In a natural extension of his main art work the jackets original violent content has been redefined using embroideries with sacred and natural motifs, loading the pieces with a new vibration, a new significance.
At times embroidered words appear, which taken together with the other images create a kind of quotation of the work by Masaru Emoto, Luc Montagnier and Jacques Benveniste: the controversial theory on the Memory of Water.
In substance the field Jacket project is both an environmentalist and anti-war manifesto. In Grazioli’s eyes, the two concepts overlapping, especially when considering that during the American War over 100 million litres of toxic chemicals were dropped on Vietnam causing immeasurable environmental damage, the effects of which continue to this day.
Born out of the ashes of the “Banuq” label, came Atelier Awash, the second Ethical Clothing project initiated by Davide Grazioli, and the first brand for organic sustainable clothing made in Italy.Based on a strict no-compromise environmental vision, the aim of the project has been to demonstrate – even though on a small scale – something that until then was believed to be impossible: that a collection of organic, low-mileage, naturally dyed garments made in Italy could actually meet and even exceed the high standards of contemporary fashion.
Atelier Awash, that operated from 2011 to 2015, succeeded in doing just this, with a distribution network that ran from Germany to Austria, America, Japan and Korea.
Berlin/Cairo/Addis Ababa 2008-2011
The integral role fabric plays in Davide Grazioli’s work is what has made him conscious of the huge environmental impact of the world’s textile industry. Learning that cotton cultivation alone uses 25% of the world’s pesticide production led him to trespass over the borders into fashion design and conceive Banuq – a clothing collection that embodied total sustainability.

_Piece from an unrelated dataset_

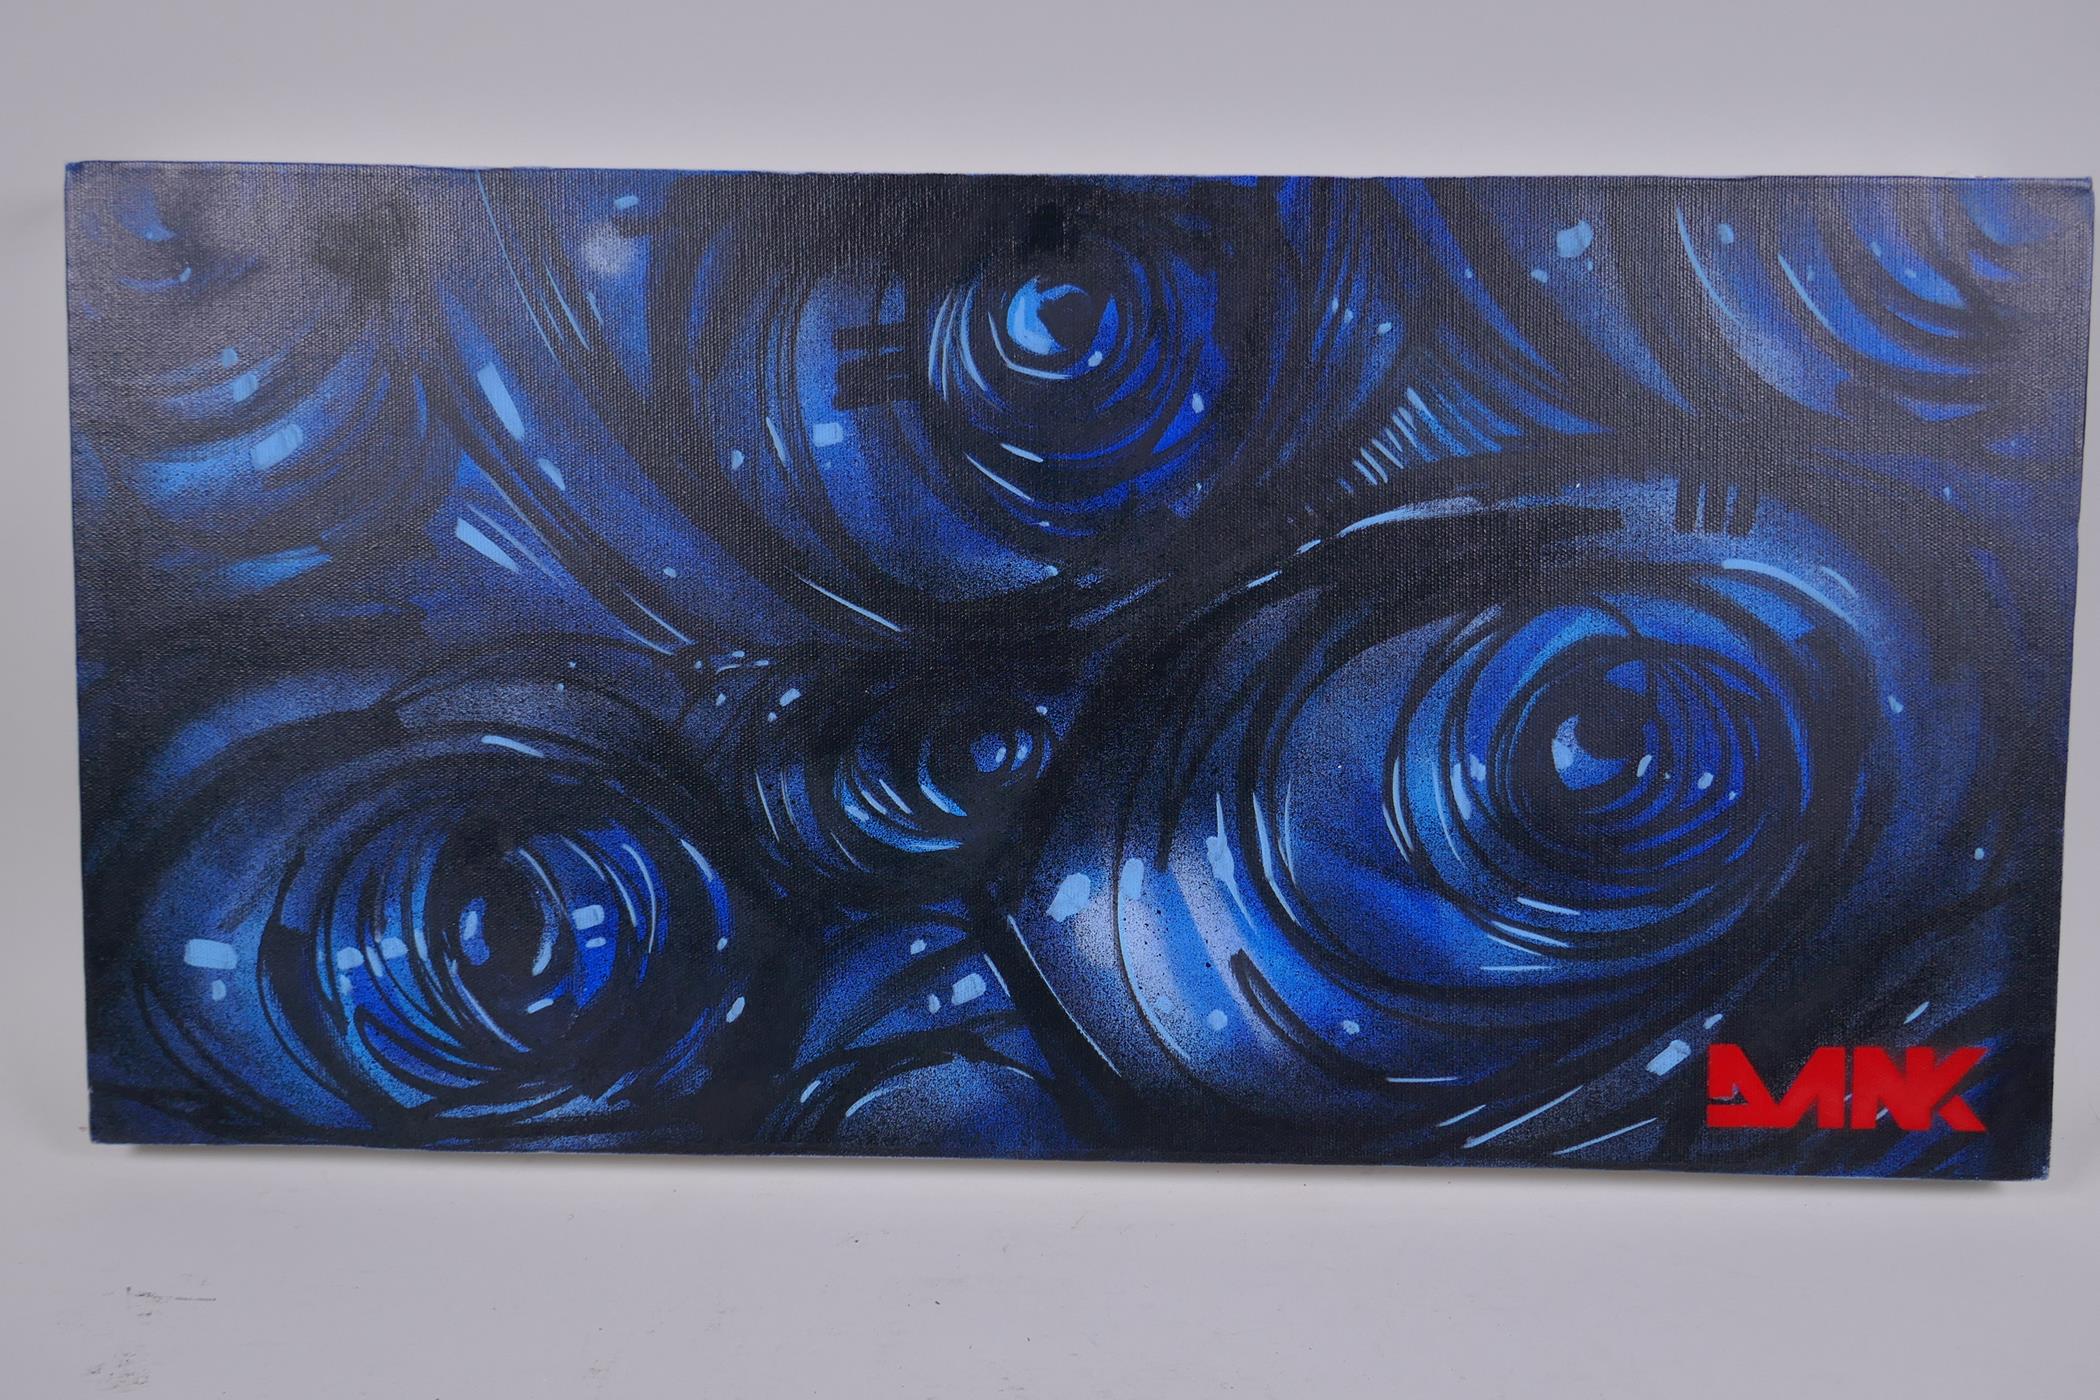 DMK, graffiti abstract on canvas, 61 x 30cm - Image 2 of 4

Working closely with designer Marina Spadafora and Mauro Pavesi (winner of the IFU – International Fund for Development award ) the aim of Banuq was to create the first sustainable, organic fashion collection ‘Made in Africa’. Although north African political instability brought Banuq to a sudden end, the project operated from 2008 to 2011 and succeeded in creating organic limited-edition garments for an international market, while at the same time bringing clothing know-how to Egypt and Ethiopia through an unprecedented, wholly ethical supply-chain.
“Hoarding Painters On Tin”
The project “Hoarding Painters On Tin” was sparked off by a chance encounter with the famous Chenai billboard painters, during Davide Grazioli’s art residency in India in 2003.

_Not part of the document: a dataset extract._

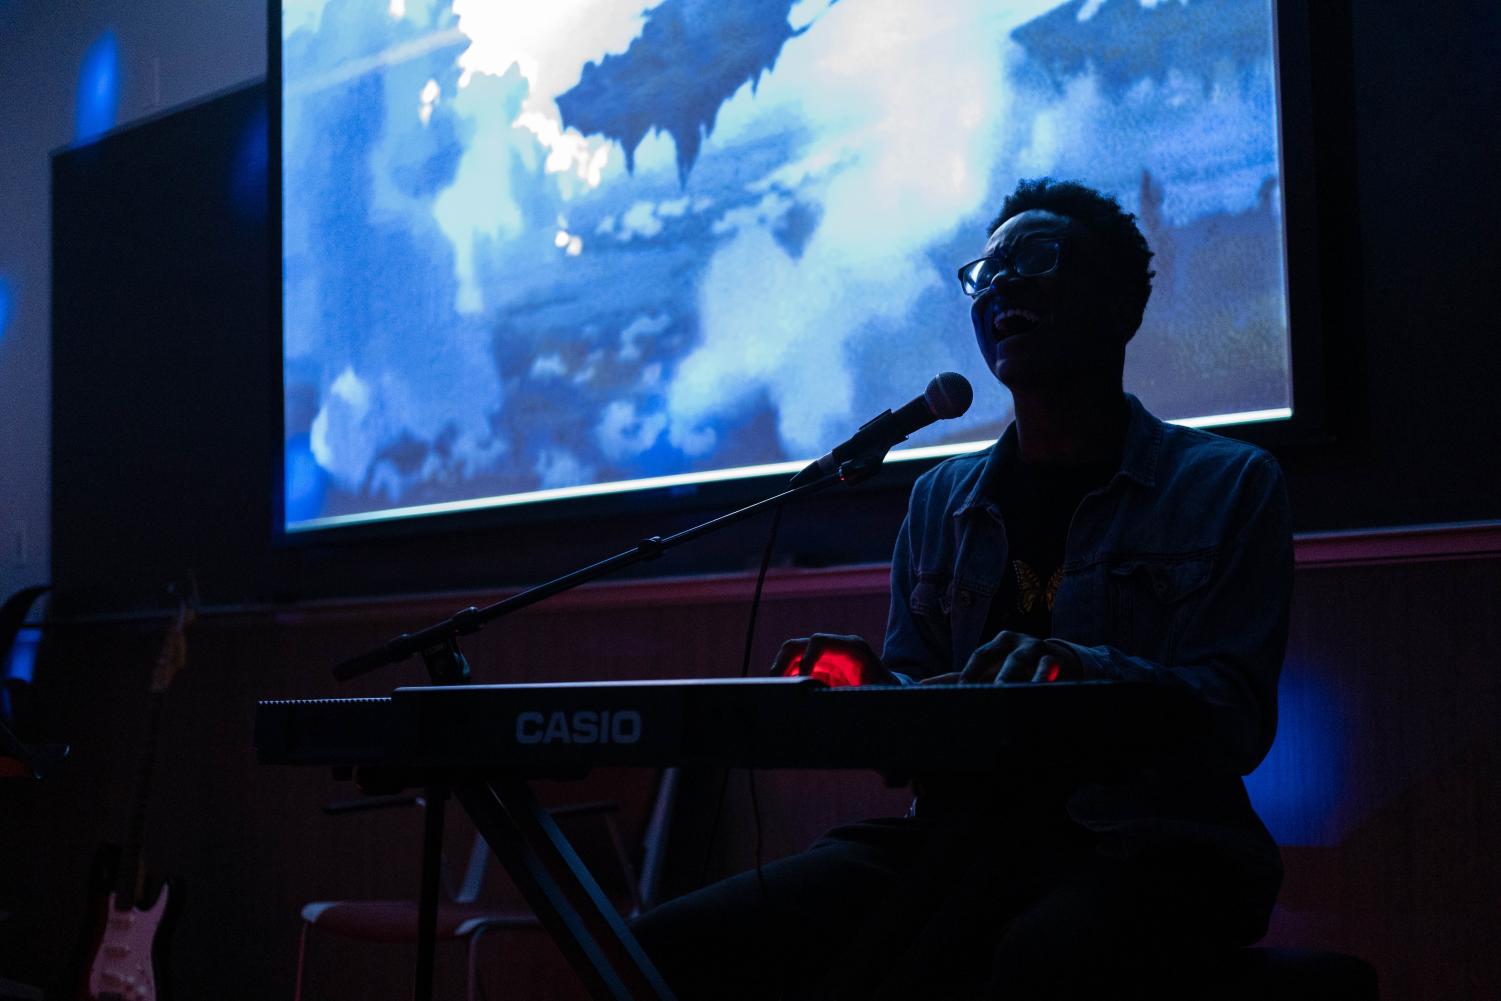  A performer plays a keyboard and sings into a microphone in a dark room with a blue background.

Known in India as “hoarding painters” (craftsmen who made advertising hoardings for cinema and politics, painting large size realistic images using enamel on tin plate), Davide Grazioli was struck by the fact that these incredibly talented artists were destined to die out as large scale digital printing took over the advertising market quickly erasing slower, more manual techniques.
But even at that particular point in time the clash between a manual past and a digital present was conspicuous, with half of the city still hand painted while the other half was printed.
A sense of urgency to document this situation drove the artist to extend his solo exhibition “Accidental-Occidental” at the Lalit Kala National Art Academy of India with “the hoarding painters on tin project” and work together with the J.P. Krishnan family and their team of painters. The result was a two month pictorial collaboration with many hands painting on tin, reproducing some of the photographs Grazioli had taken during his recent journey in Tamilnadu, giving life to a unique, unrepeatable series of enamel paintings on the typical raw tin surface.